During the fall semester 2011, I had the delightful experience of being invited to dinner with the University of Georgia’s 2011–12 Senior Teaching Fellows (http://www.ctl.uga.edu/faculty/ctl_senior_teaching_fellows). This program began in 1987 with a three-year grant from the Department of Education’s Fund for the Improvement of Post-Secondary Education (FIPSE); and, at the conclusion of the grant cycle, the demonstrated success of the program led the University to continue it. It now resides in the University’s Center for Teaching and Learning and is in its 23rd year. This level of success should be a lesson to funders everywhere: an investment in colleges and universities pays dividends, and sustainability is a high priority for the grantee. However, I am digressing, so back to the story.

The Senior Teaching Fellows program annually supports eight associate or full professors in a year-long program to share ideas about teaching and learning across the disciplines. Through monthly roundtables, guest speakers, a fall retreat, and a small grant ($2,000 each) to support instructional enhancement in the home department, the fellows are given opportunities for professional and personal renewal. While fellows build and share their pedagogical knowledge, they are also building meaningful faculty relationships outside their units and across a large research campus.

An evening with the fellows was such a delight after spending many hours each day in committee meetings and informal discussions where the topics often are budget cuts, external pressures, lack of faculty and staff raises, the poor economy overall, and increasing regulation from the governing authority. After the dinner, based on the fellows’ enthusiasm and commitment and their thoughtful suggestions about improving teaching and learning and academic life on campus, I went straight to the website to learn more about previous participants; it read like a who’s who of campus leaders. Now the classic chicken-or- egg dilemma emerged. Were these fellows established campus leaders who were chosen for the program, or did the program create university leaders? It’s probably some of both. If it creates leaders, great, and if it rewards leaders, then wonderful! Needless to say, in these difficult times in the academy, I came away believing that the program should have two cohorts next academic year!

Some of the ideas that emerged included adding a living-learning community in the arts, supporting team teaching to increase cross disciplinary activities, building upper-level seminars like UGA’s popular first-year seminars in the First Year Odyssey Program (https://fyo.uga.edu/), and helping 1st year students make the transition to college overall. The fellows also described a unique experience that entailed going to the School of Art, where the director taught them how to throw a pot (ceramic department) and how this activity placed them in touch with the way students must feel when faced with a new environment and expectations for performance. One described the anxiety he felt because he wanted to do a good job and did not want to be the one who messed up; he realized how our students must often feel this way and what this meant for the learning environment that he was creating. It was touching to hear the depth of concern and affection the fellows held for students and their worries about the pitfalls that will trap many young people, including alcohol abuse and other risky behaviors. It was one of those moments when you wish you could record the conversation for the parents of those first-year, residential students and also for the legislators and members of the system staff and board. Faculty care! They work long hours. They persevere and create with the reality of fewer resources and heavier workloads.
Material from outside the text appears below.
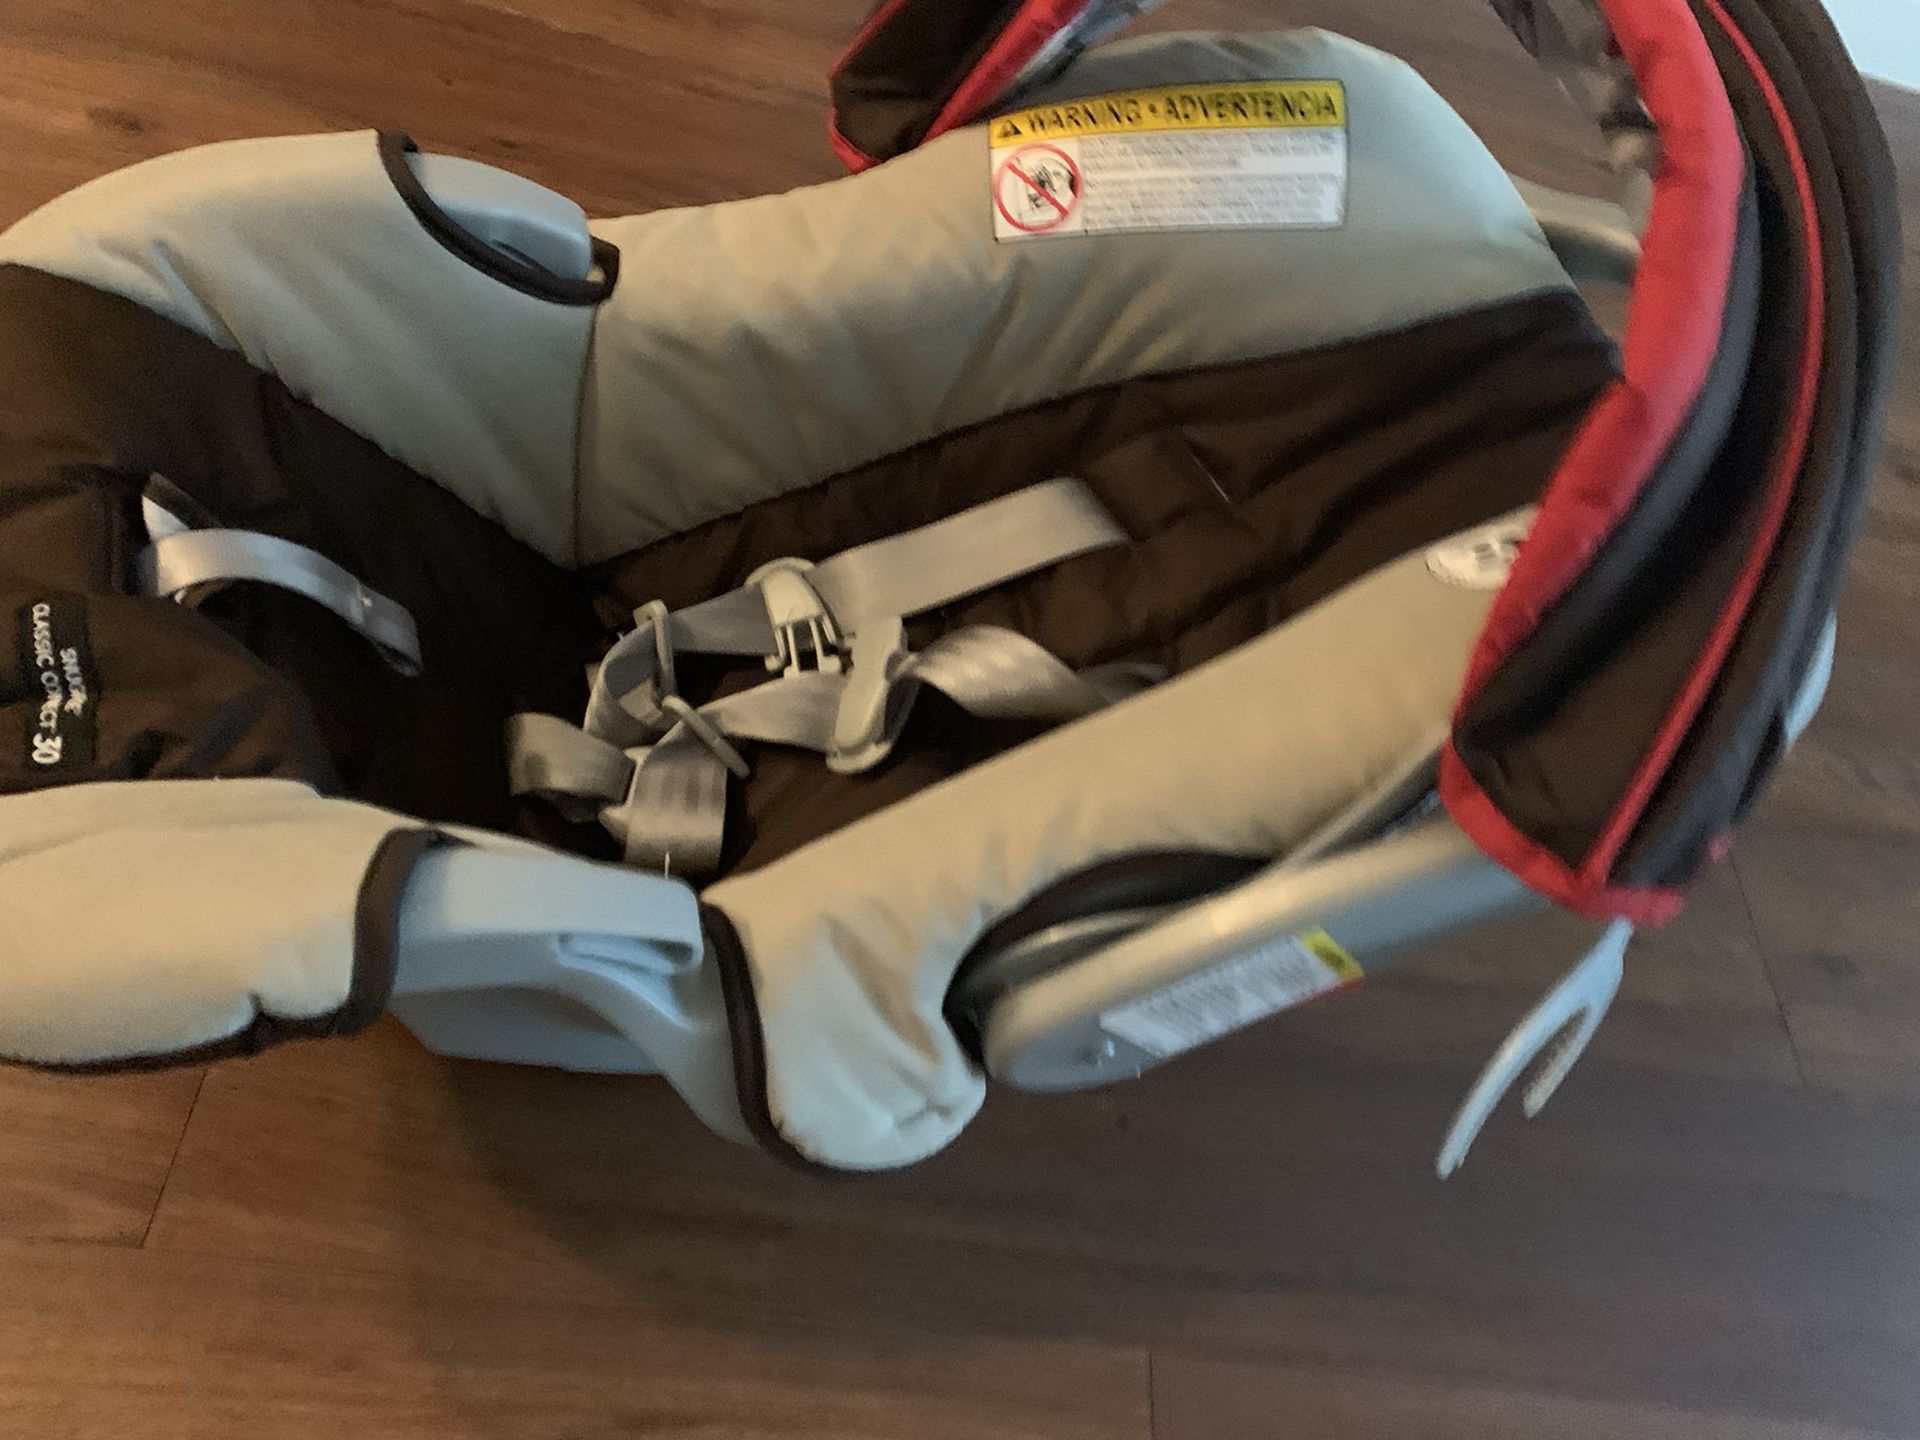 New born car seat never used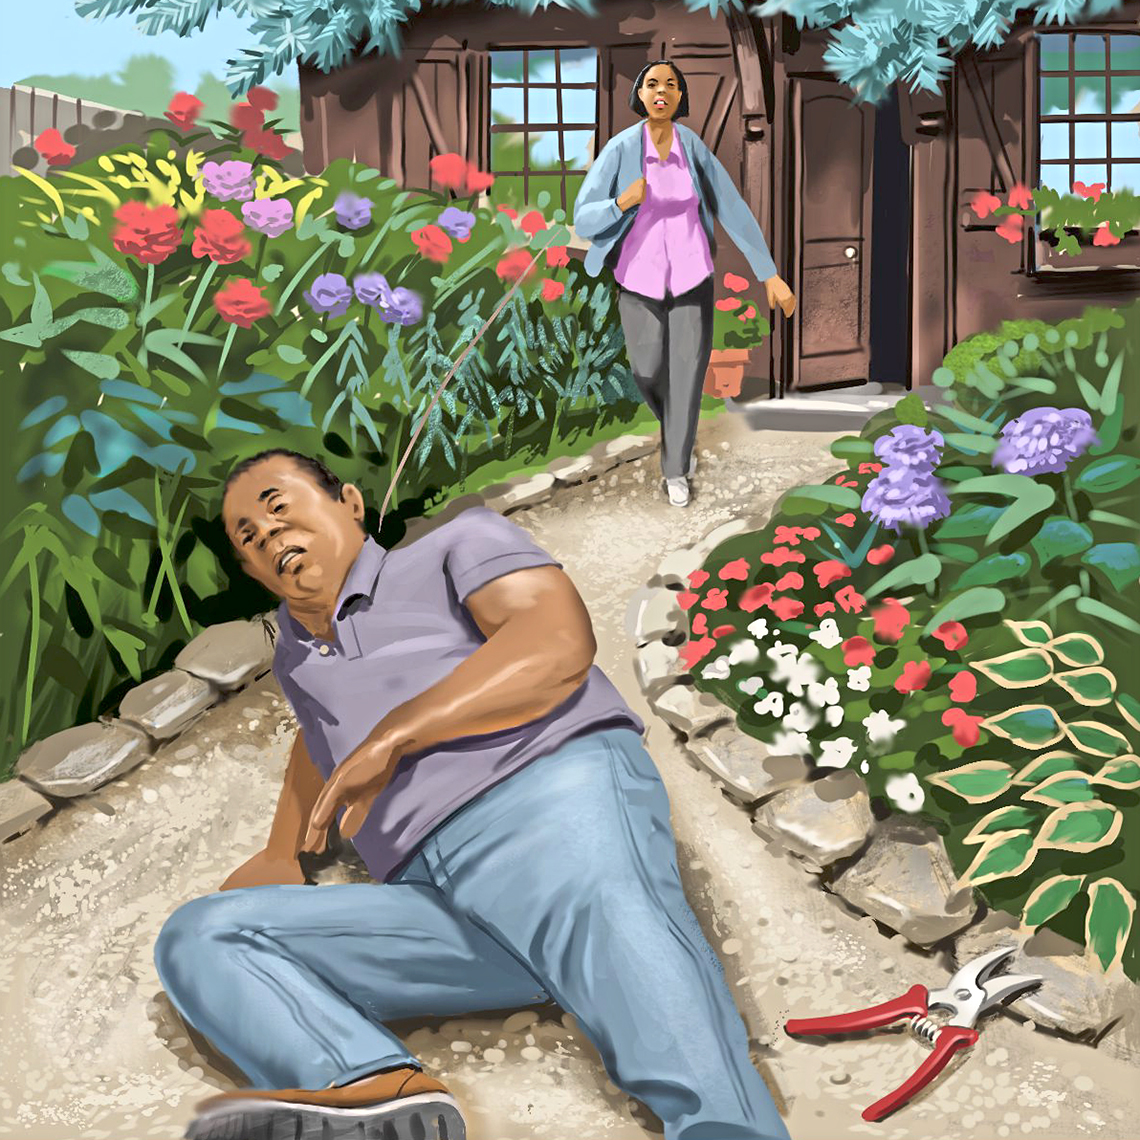 lllustration of a man who has fallen down on the walkway leading up to his home and his wife running out to assist

The discussions did not reveal the frustration or unrealistic expectations that can sometimes mark discussions of teaching and learning, which are couched in the recurring theme of how research trumps the importance of teaching in a research university. The fellows saw opportunities and possibilities in their discussions of improving learning and the lives of students in the academy. They engaged in what Johansen (2009) described as “dilemma flipping” in the book Leaders make the future: Ten new leadership skills for an uncertain world. Johansen has suggested that the issues of the future will be complex, changing, and evolving; and unlike “problems,” which can be defined and solved, “dilemmas” are ongoing and must be framed and reframed. Accordingly, leaders will define complex, ambiguous situations as dilemmas that are “opportunities” on which they act neither too late nor too quickly. Through sharing their experiences, the fellows were becoming immersed in the dilemmas to identify patterns and to make sense of the dilemmas. Dilemmas are a comfortable space for faculty, for facing dilemmas is what they do daily in and out of the classroom; and they teach students to do the same.

As the year goes on, the fellows will refine their topics and ideas and bring recommendations to the Provost and will take new ideas back to their home departments. By all signs, this cohort will think deeply and make substantive proposals on teaching and learning to the senior administration. If “innovative” ideas emerge from this group, then I will get back to you. In the meantime, best wishes in teaching and learning to all.